See [Schreiber2000], [Kraiser2002] and [Lizier2008] for more details.
Examples¶
One initial condition, no background¶
Just give us a couple of time series and tell us the history length and we’ll give you a number
>>> xs = [0,1,1,1,1,0,0,0,0]
>>> ys = [0,0,1,1,1,1,0,0,0]
>>> transfer_entropy(xs, ys, k=2)
0.6792696431662097
>>> transfer_entropy(ys, xs, k=2)
0.0
or an array if you ask for it
>>> transfer_entropy(xs, ys, k=2, local=True)
array([[1. , 0. , 0.5849625, 0.5849625, 1.5849625, 0. ,
1. ]])
>>> transfer_entropy(ys, xs, k=2, local=True)
array([[0., 0., 0., 0., 0., 0., 0.]])
Two initial conditions, no background¶
Uhm, yes we can! (Did you really expect anything less?)
>>> xs = [[1,0,0,0,0,1,1,1,1], [1,1,1,1,0,0,0,1,1]]
>>> ys = [[0,0,1,1,1,1,0,0,0], [1,0,0,0,0,1,1,1,0]]
>>> transfer_entropy(xs, ys, k=2)
0.693536138896192
>>> transfer_entropy(xs, ys, k=2, local=True)
array([[1.32192809, 0. , 0.73696559, 0.73696559, 1.32192809,
0. , 0.73696559],
[0. , 0.73696559, 0.73696559, 1.32192809, 0. ,
0.73696559, 1.32192809]])
One initial condition, one background process¶
>>> xs = [0,1,1,1,1,0,0,0,0]
>>> ys = [0,0,1,1,1,1,0,0,0]
>>> ws = [0,1,1,1,1,0,1,1,1]
>>> transfer_entropy(xs, ys, k=2, condition=ws)
0.2857142857142857
>>> transfer_entropy(xs, ys, k=2, condition=ws, local=True)
array([[1., 0., 0., 0., 0., 0., 1.]])
One initial condition, two background processes¶
>>> xs = [0,1,1,1,1,0,0,0,0]
>>> ys = [0,0,1,1,1,1,0,0,0]
>>> ws = [[1,0,1,0,1,1,1,1,1], [1,1,0,1,0,1,1,1,1]]
>>> transfer_entropy(xs, ys, k=2, condition=ws)
0.0
>>> transfer_entropy(xs, ys, k=2, condition=ws, local=True)
array([[0., 0., 0., 0., 0., 0., 0.]])
Two initial conditions, two background processes¶
>>> xs = [[1,1,0,1,0,1,1,0,0],[0,1,0,1,1,1,0,0,1]]
>>> ys = [[1,1,1,0,1,1,1,0,0],[0,0,1,0,1,1,1,0,0]]
>>> ws = [[[1,1,0,1,1,0,1,0,1],[1,1,1,0,1,1,1,1,0]],
... [[1,1,1,1,0,0,0,0,1],[0,0,0,1,1,1,1,0,1]]]
>>> transfer_entropy(xs, ys, k=2)
0.5364125003090668
>>> transfer_entropy(xs, ys, k=2, condition=ws)
0.3396348215831049
>>> transfer_entropy(xs, ys, k=2, condition=ws, local=True)

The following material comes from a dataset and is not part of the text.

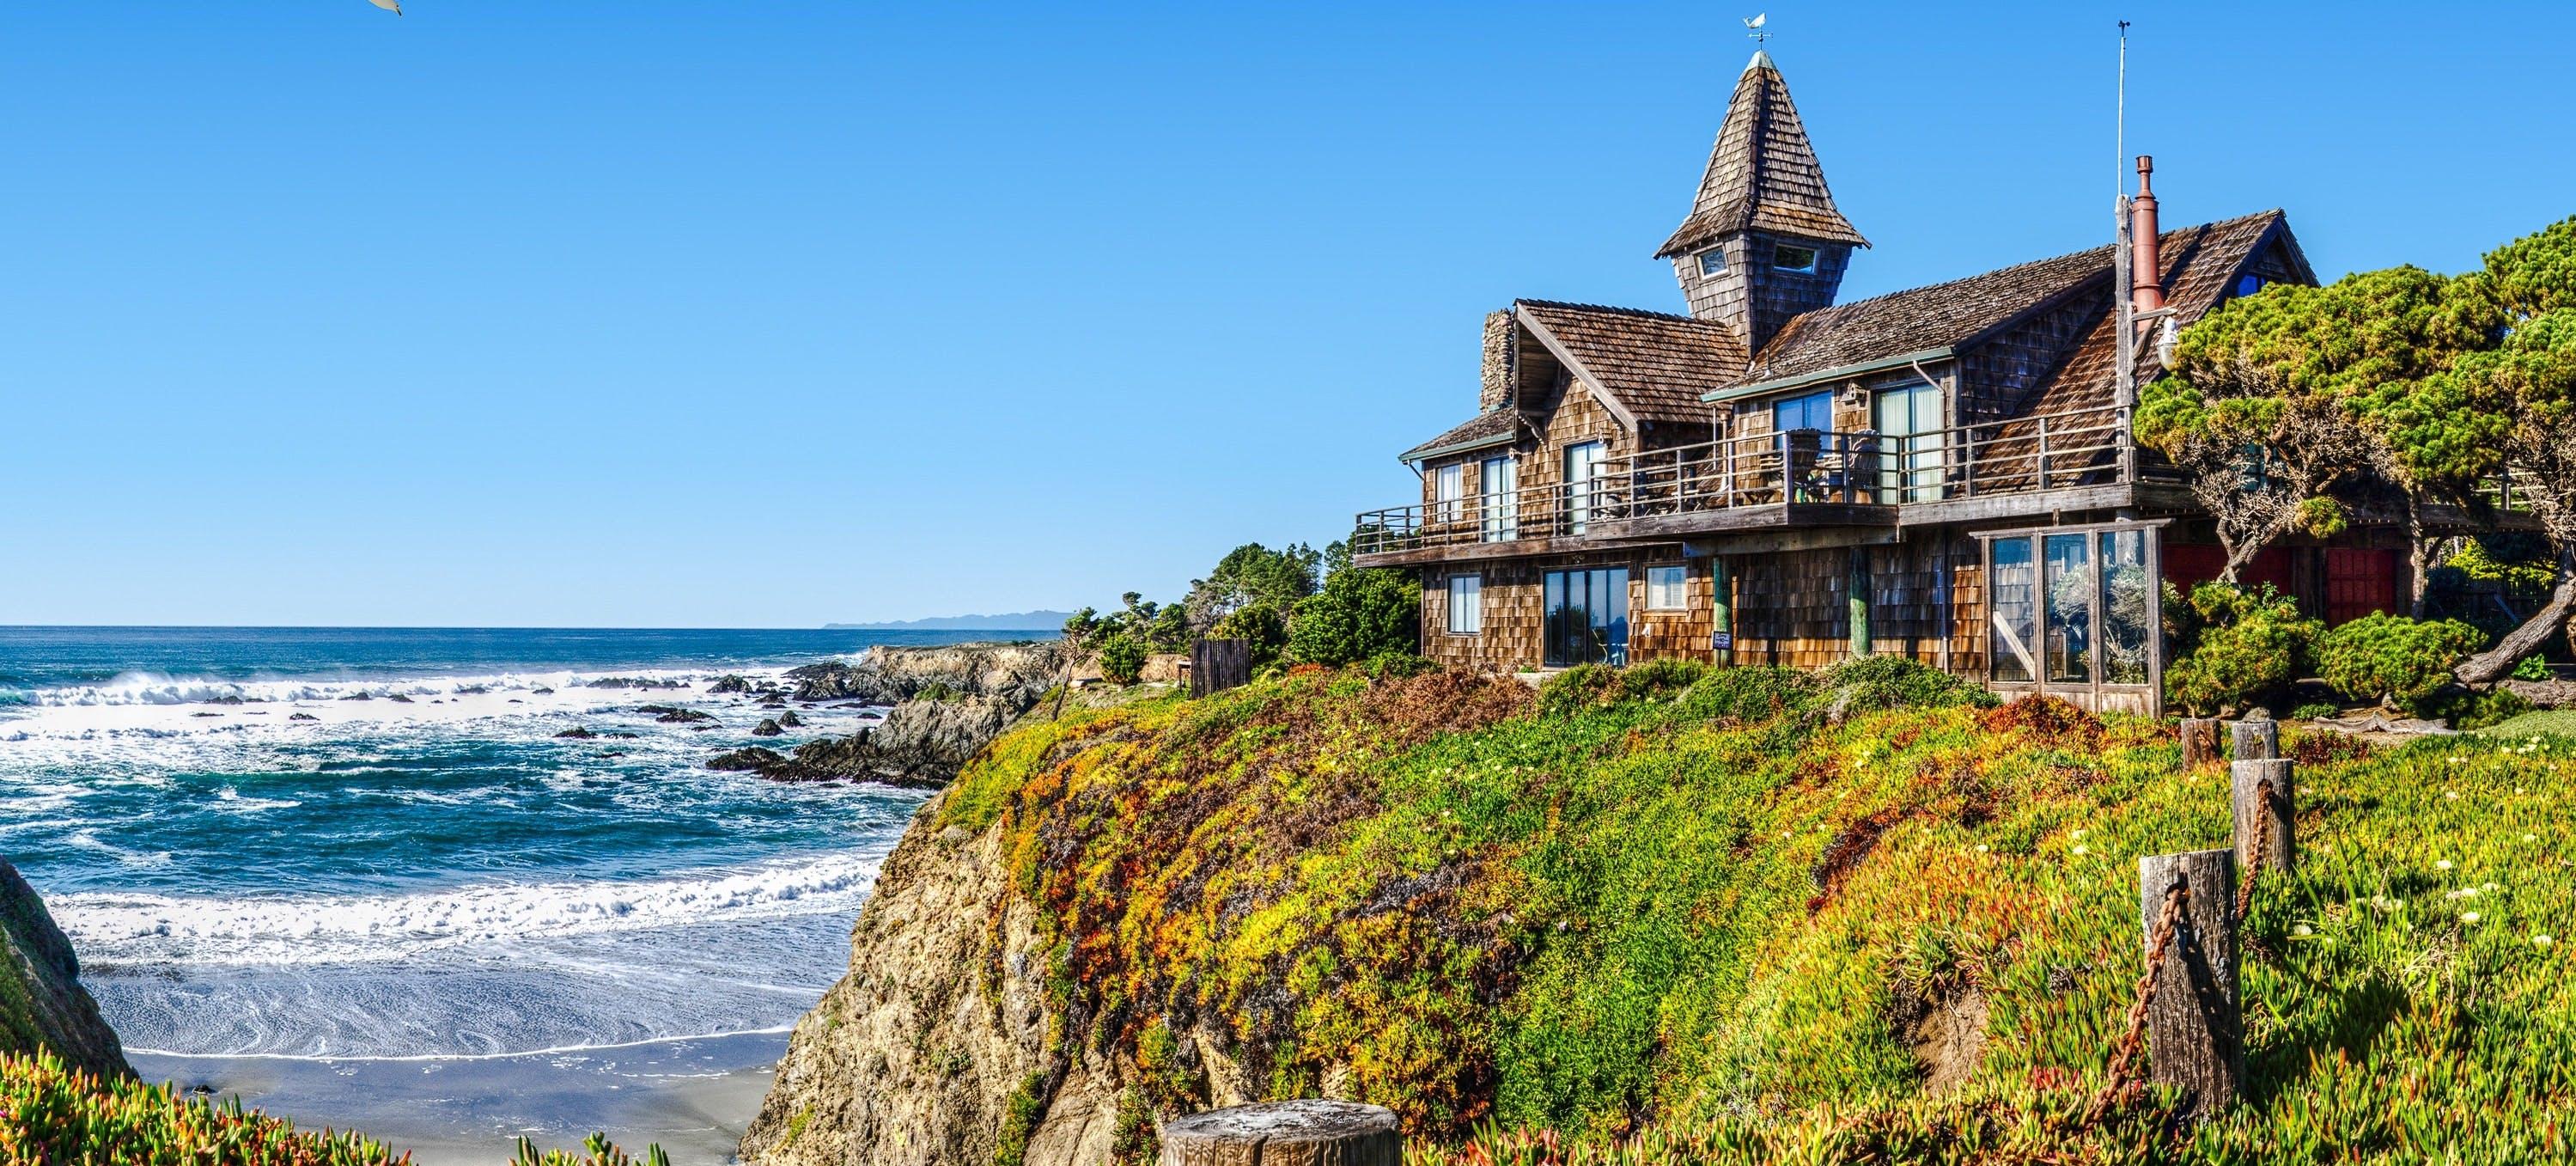 Fort Bragg, CA Cliffside Beach House Vacation Rental

array([[ 1. , 0. , 0. , -0.4150375, 0. ,
0. , 1. ],
[ 0. , 0.5849625, 1. , 0.5849625, 0. ,
1. , 0. ]])
API Documentation¶
-
pyinform.transferentropy.
transfer_entropy
(source, target, k, condition=None, local=False)[source]¶ Compute the local or average transfer entropy from one time series to another with target history length k. Optionally, time series can be provided against which to condition.
- Parameters
source (sequence or
numpy.ndarray
) – the source time seriestarget (sequence or
numpy.ndarray
) – the target time seriesk (int) – the history length
condition (sequence or
numpy.ndarray
) – time series of any conditionslocal (bool) – compute the local transfer entropy
- Returns
the average or local transfer entropy
- Return type
float or
numpy.ndarray
- Raises
ValueError – if the time series have different shapes
ValueError – if either time series has no initial conditions
ValueError – if either time series is greater than 2-D
InformError – if an error occurs within the
inform
C call
References¶
- Cover1991(1,2,3,4)
T.M. Cover amd J.A. Thomas (1991). “Elements of information theory” (1st ed.). New York: Wiley. ISBN 0-471-06259-6.
- Kraiser2002
Kaiser, T. Schreiber, “Information transfer in continuous processes”, Physica D: Nonlinear Phenomena, Volume 166, Issues 1–2, 1 June 2002, Pages 43-62, ISSN 0167-2789
- Kullback1951
Kullback, S.; Leibler, R.A. (1951). “On information and sufficiency”. Annals of Mathematical Statistics. 22 (1): 79-86. doi:10.1214/aoms/1177729694. MR 39968.
- Lizier2008(1,2)
J.T. Lizier M. Prokopenko and A. Zomaya, “Local information transfer as a spatiotemporal filter for complex systems”, Phys. Rev. E 77, 026110, 2008.
- Lizier2012
J.T. Lizier, M. Prokopenko and A.Y. Zomaya, “Local measures of information storage in complex distributed computation” Information Sciences, vol. 208, pp. 39-54, 2012.
- Schreiber2000(1,2)
Schreiber, “Measuring information transfer”, Phys.Rev.Lett. 85 (2) pp.461-464, 2000.
- Shannon1948
Shannon, Claude E. (July-October 1948). “A Mathematical Theory of Communication”. Bell System Technical Journal. 27 (3): 379-423. doi:10.1002/j.1538-7305.1948.tb01448.x.